Let us just consider the primary five grapes in Bordeaux, France: Cabernet Sauvignon, Merlot, Cabernet Franc, Malbec, and Petit Verdot. French tradition would lend you to believe that you would either start with Cabernet Sauvignon (Left Bank) as the primary grape or Merlot (Right Bank) as the primary grape. Then, depending on the vineyard’s location would you add in, or not add in, the rest of the grapes. Traditions would define how much of each grape can be added into the blend and how each part may, or may not be, required to be aged prior to being “assembled.” Perhaps that will be the topic of another blog. Coming back to the topic of blends, one must first understand the characteristic of each ingredient and what it brings to a blend.

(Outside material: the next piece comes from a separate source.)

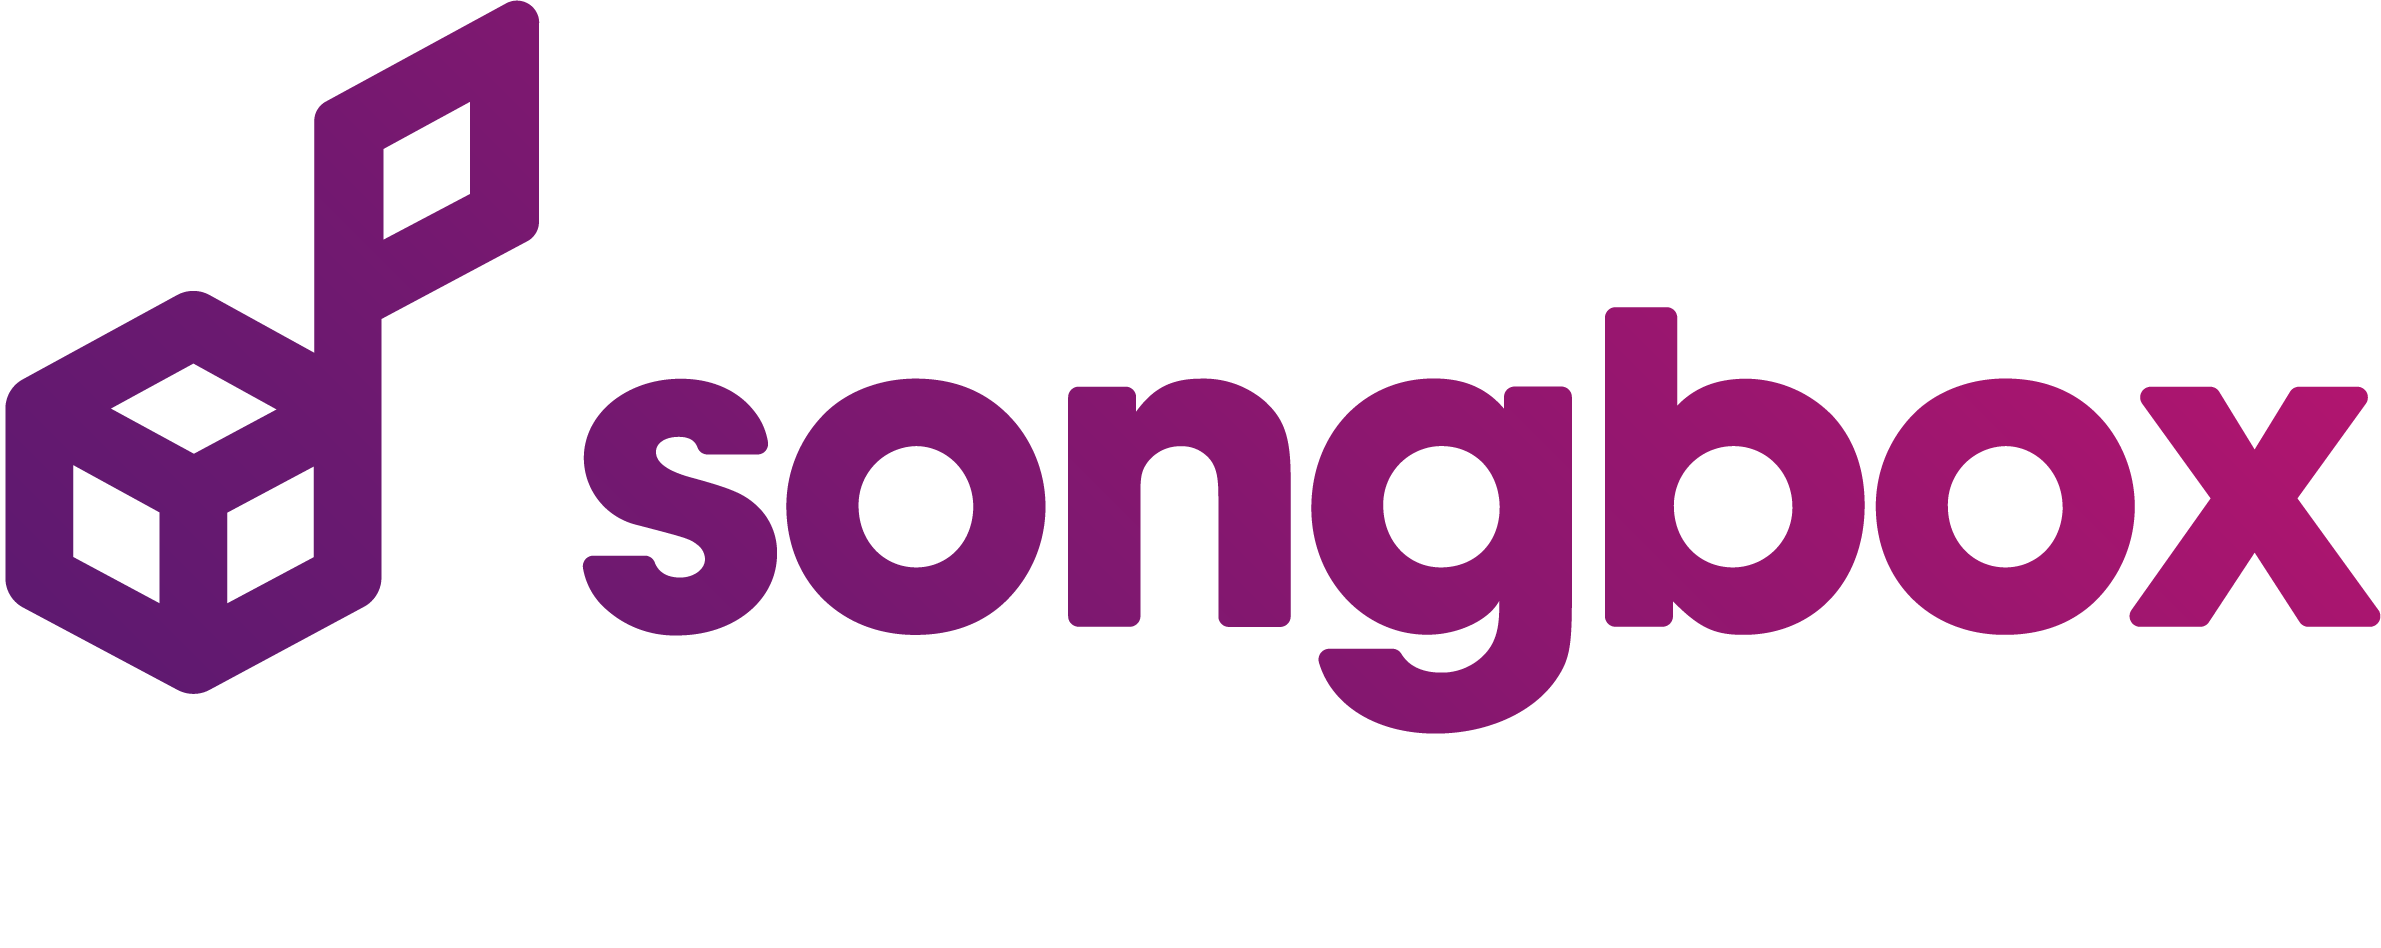 Songbox
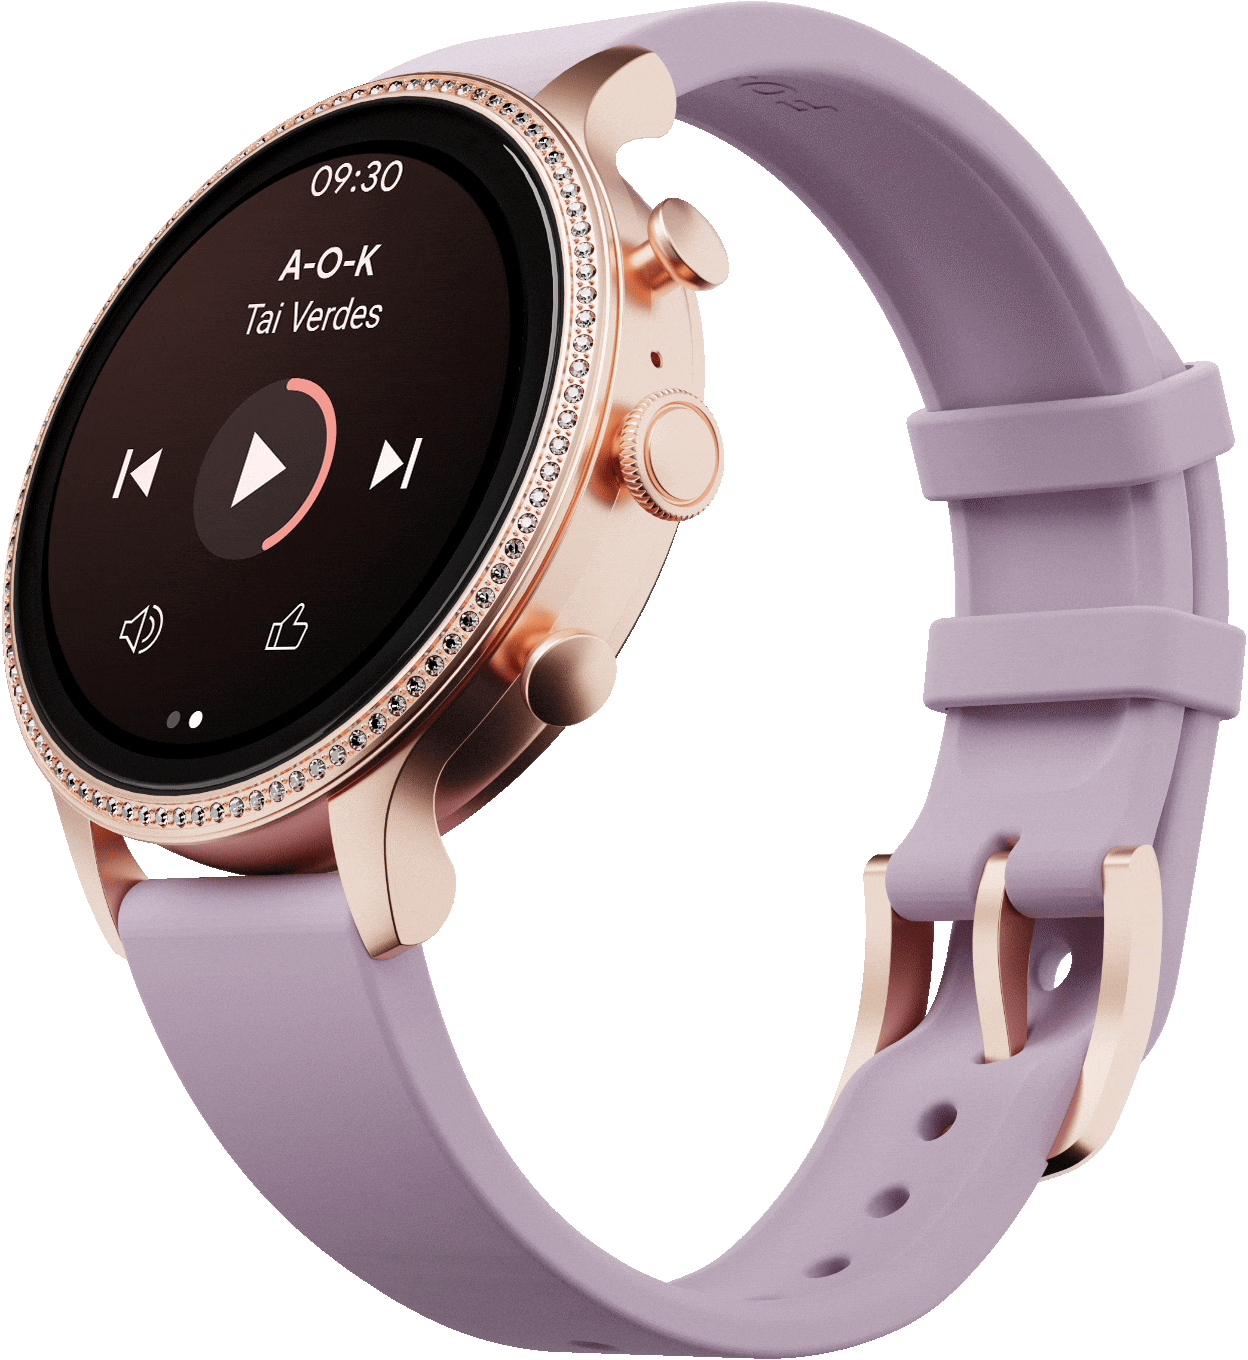 Une montre intelligente Gen 6 avec un bracelet en silicone mauve, une chanson en cours de lecture sur le cadran et des icônes en forme de notes de musique.

Cabernet Sauvignon, a cornerstone of many exceptional red blends, presents a profile characterized by moderate-to-high acidity, and high tannins. The texture of its tannins is firm and structured, contributing to a full-bodied wine that exudes intensity. On the palate, bold and powerful, it establishes a dominant presence with strong notes of black currant and dark fruit, creating a rich and full-bodied initial impression. As the wine progresses through the mid-palate, the structured tannins reveal themselves, enhancing complexity and depth. Additional nuances of cedar, tobacco, and sometimes green bell pepper may emerge, adding layers to the overall flavor profile. The finish is a testament to Cabernet Sauvignon’s age-worthy nature, boasting a long and lingering conclusion, where the firm tannins contribute to the wine's robust and enduring character. Overall, Cabernet Sauvignon brings a bold and powerful dimension to red blends, making a significant impact on both the palate and the aging potential of the wine.
Merlot, a versatile and approachable grape in red blends, brings forth a well-balanced array of characteristics. With moderate acidity and lower tannins compared to Cabernet Sauvignon, Merlot offers a wine with a soft and velvety texture, embodying a medium to full-bodied profile. Upon approach, it charms the palate with a smooth and inviting demeanor, unveiling a burst of ripe red fruits such as plum and black cherry. This initial impression is notably softer, compared to the boldness of Cabernet Sauvignon. As the wine progresses through the mid-palate, the velvety texture persists, and additional layers of flavor emerge, featuring notes of chocolate or cocoa. The wine maintains its medium-to-full-bodied feel, creating a harmonious and rounded experience. The finish is a testament to Merlot's finesse, closing with a round and smooth demeanor, occasionally adorned with lingering notes of red fruits and a subtle touch of spice. Altogether, Merlot contributes a pleasing and accessible dimension to red blends, enhancing overall balance and drinkability.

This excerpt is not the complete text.